Most of the messages sent to the server generate a reply of some
sort. The most common reply is the numeric reply, used for both
errors and normal replies. The numeric reply MUST be sent as one
message consisting of the sender prefix, the three digit numeric, and
the target of the reply. A numeric reply is not allowed to originate
from a client; any such messages received by a server are silently
dropped. In all other respects, a numeric reply is just like a normal
message, except that the keyword is made up of 3 numeric digits
rather than a string of letters. A list of different replies is
supplied in "IRC Client Protocol" [IRC-CLIENT].

4. Message Details

All the messages recognized by the IRC server and client are
described in the IRC Client Protocol specification.

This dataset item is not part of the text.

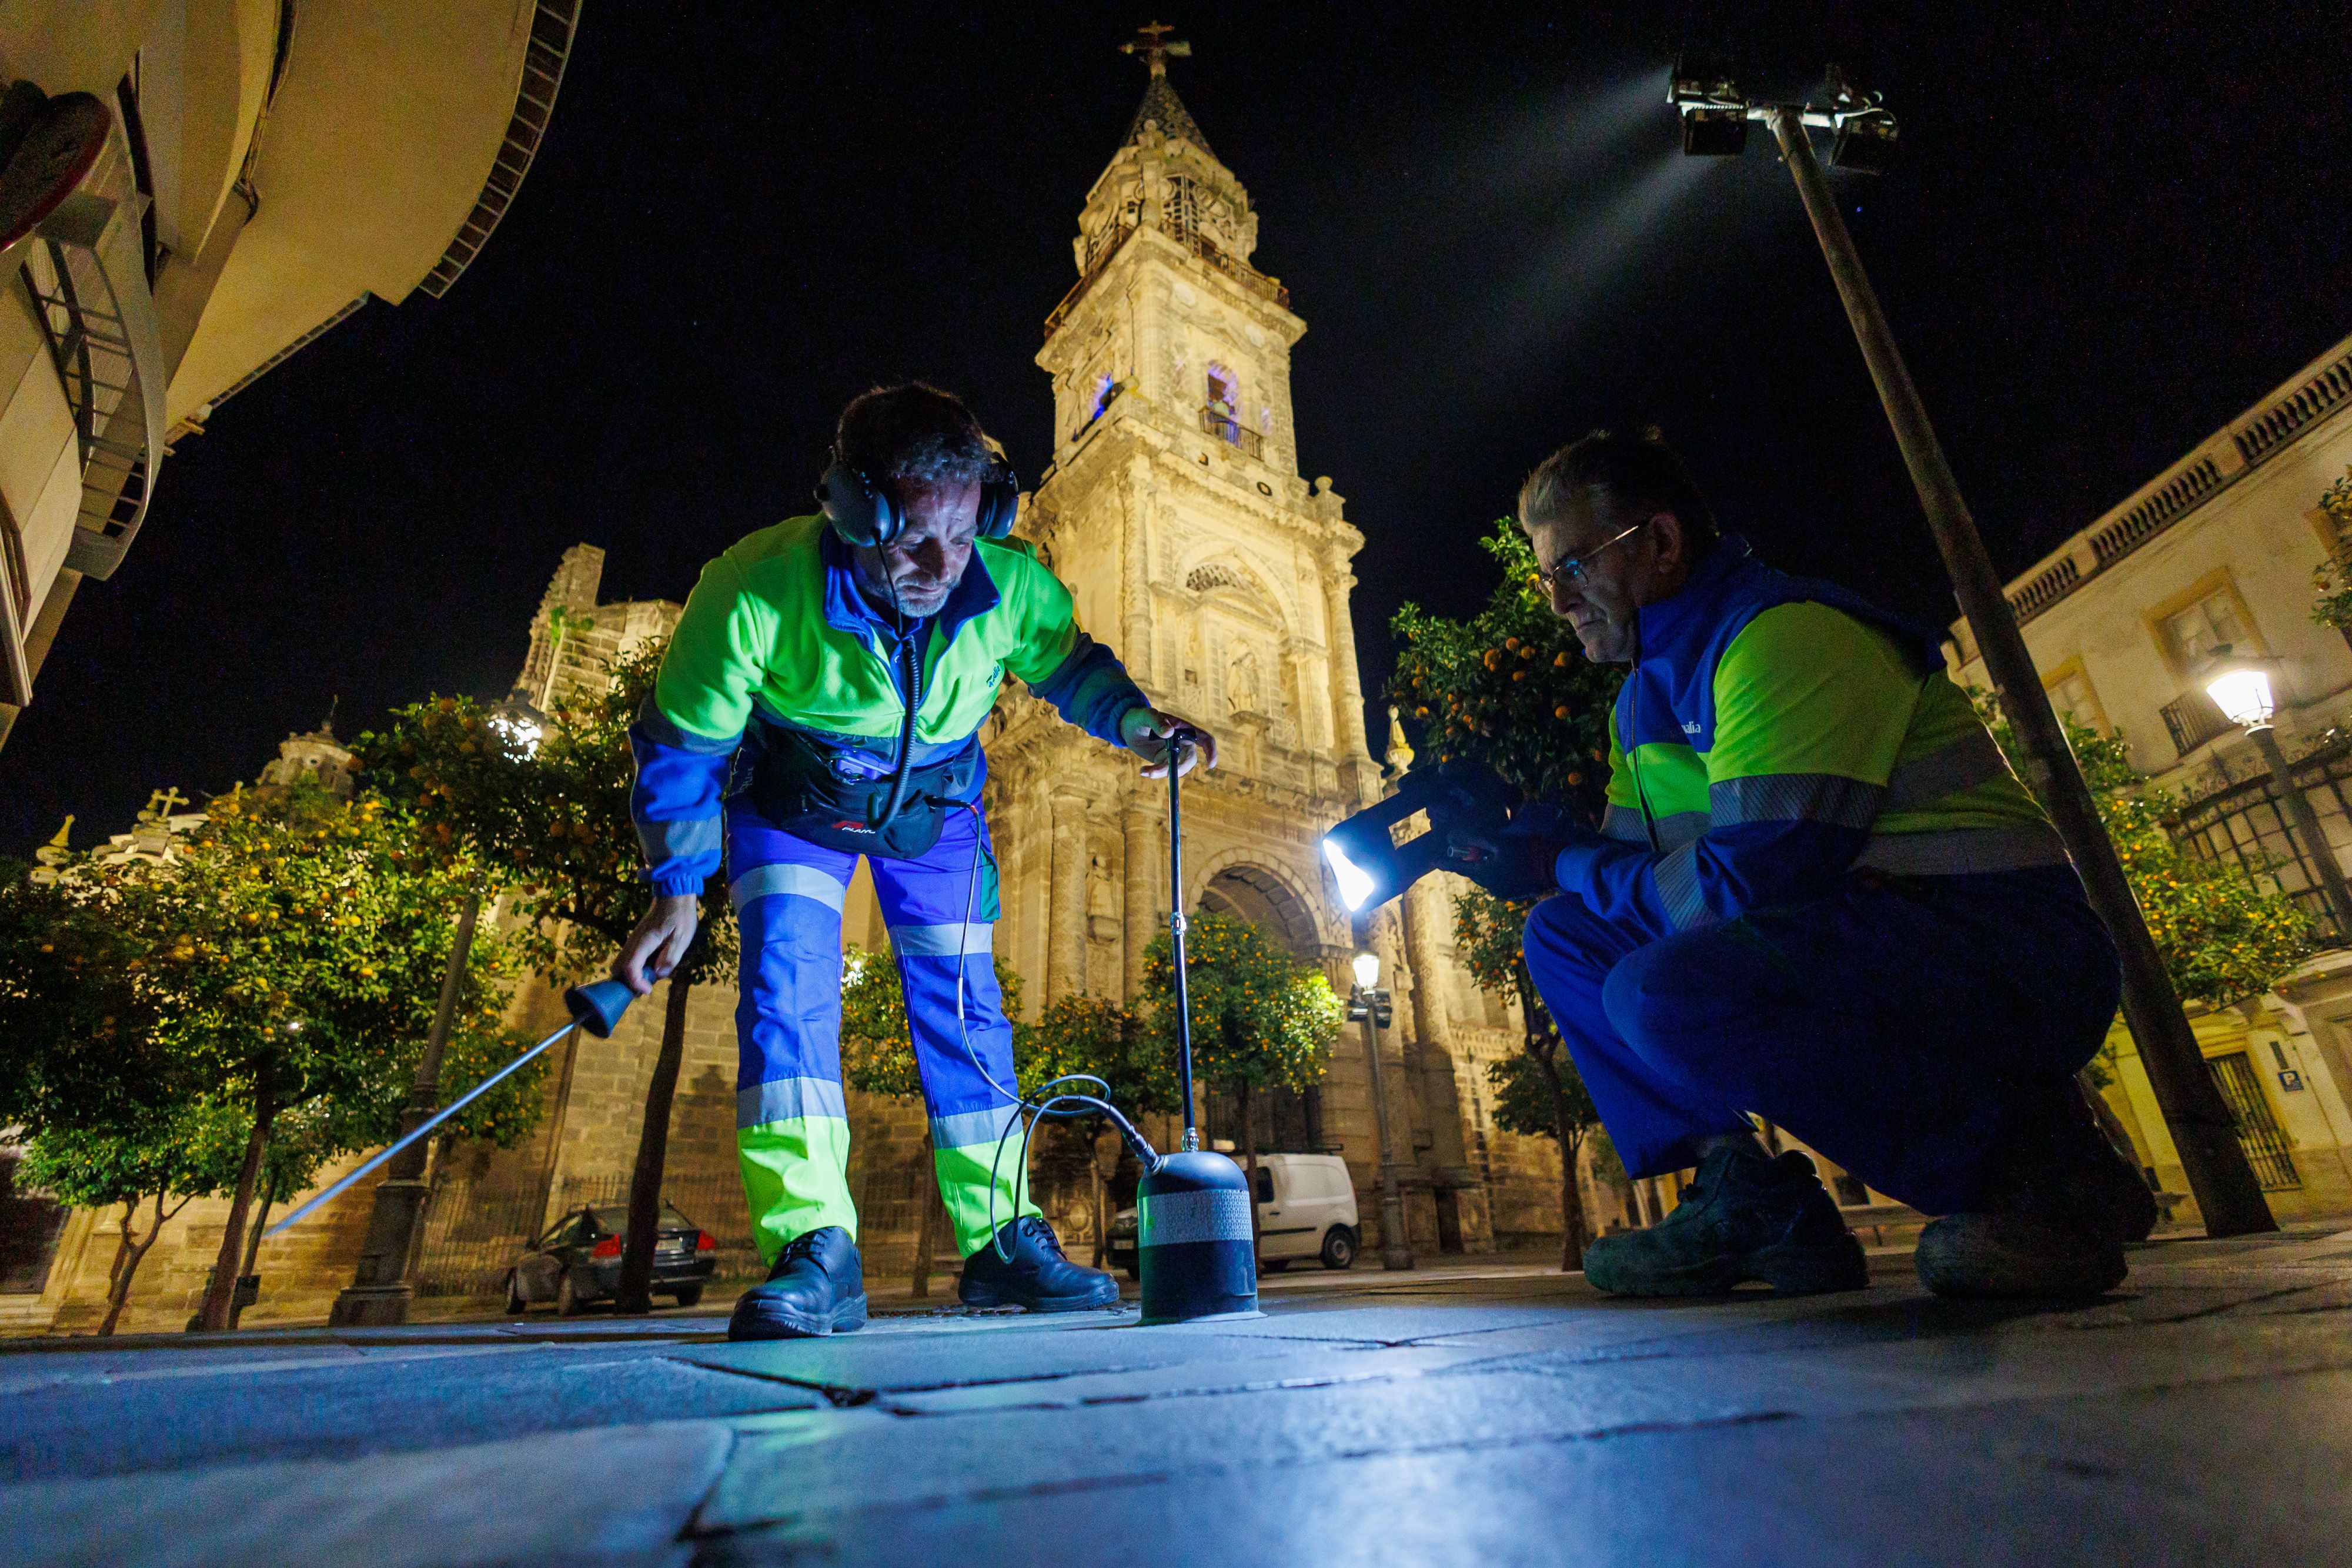 Javier y Alfonso, ante la imponente Iglesia de San Miguel, a medianoche en Jerez, 'auscultando' el subsuelo en busca de fugas de agua en plena sequía.

Where the reply ERR_NOSUCHSERVER is returned, it means that the
target of the message could not be found. The server MUST NOT send
any other replies after this error for that command.

The server to which a client is connected is required to parse the
complete message, returning any appropriate errors. If the server
encounters a fatal error while parsing a message, an error MUST be
sent back to the client and the parsing terminated. A fatal error
may follow from incorrect command, a destination which is otherwise
unknown to the server (server, client or channel names fit this
category), not enough parameters or incorrect privileges.

If a full set of parameters is presented, then each MUST be checked
for validity and appropriate responses sent back to the client. In
the case of messages which use parameter lists using the comma as an
item separator, a reply MUST be sent for each item.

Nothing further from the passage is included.